Our first night in Dingle, Aine ui Laoithe and Eilin Ni Chearna (http://celticgrooves.homestead.com/CG_Ui_Laoithe_Ni_Chearna.html) treated us to a concert of traditional music and singing, playing the accordion and the bodhrán. These two women, with fine strong voices and mastery of their instruments, are descended from residents of the Great Blasket Island (http://www.dingle-peninsula.ie/blaskets.html). In the 20's and 30's, island residents, in a flowering of literary spirit, produced dozens of books about their lives in the Gaelic language. So appropriate for a group of writers to visit! Mid-week found us heading to the Great Blasket, now deserted. It was a clear sunny windy day, and our group wandered about the island, startling the rabbits and sheep, looking for dolphins, taking pictures of the seals and the stone-walled remains of homes. A fine day, for us, though bringing to life the precarious lives of the Islanders, without electricity or running water, enclosed by stone walls all the dark winter, dependent on the dangerous sea.

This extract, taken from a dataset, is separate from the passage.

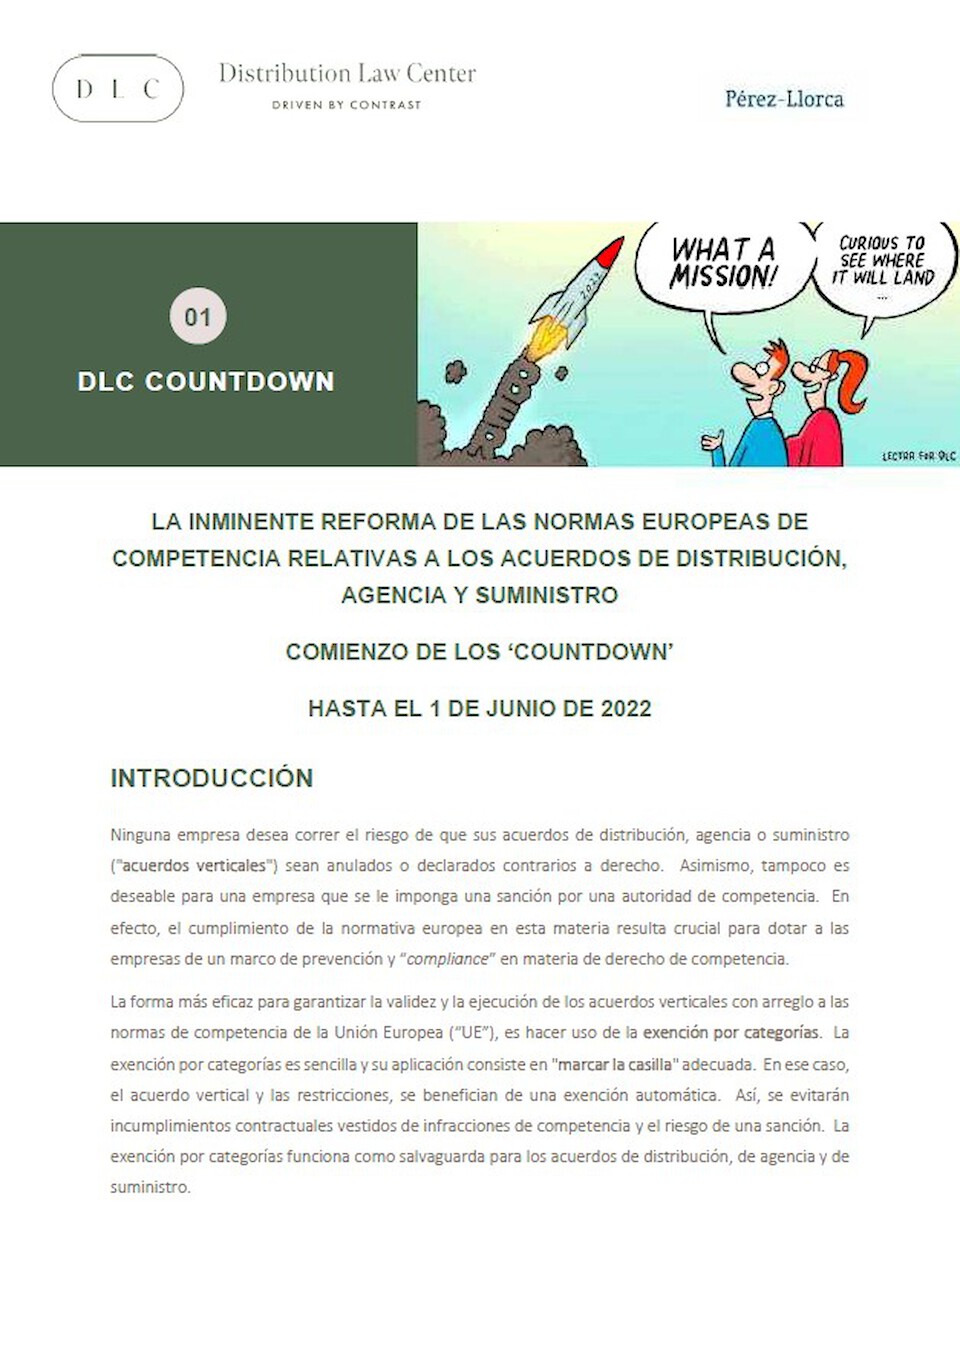 Distribution Law Center Countdown I - European competition rules relating to distribution, agency and supply agreements about to change

Two weeks in Ireland weren't enough. Virginia may be for lovers, but Ireland is for writers. Artists in Ireland don't pay income tax (http://www.citizensinformation.ie/categories/money-and-tax/tax/income-tax/exemption_from_income_tax_for_artists). I'd certainly have a better chance at a Nobel prize in literature if I were Irish. It's been awarded four times to Irish writers, that's one per million population. In the US, the ratio is eleven per three hundred million. Let's see - that means the odds are twenty-seven times greater if you're Irish. Perhaps it's because there's a poetry contest in every town? The importance of story-telling in the pub? Ireland has the third oldest literature in Europe, after Greek and Latin, and a strong oral tradition of legends and poetry.
I'm considering selling my belongings, buying a one-way ticket to Shannon Airport, renting a cottage by the sea, and getting used to dial-up. I want to be an Irish writer.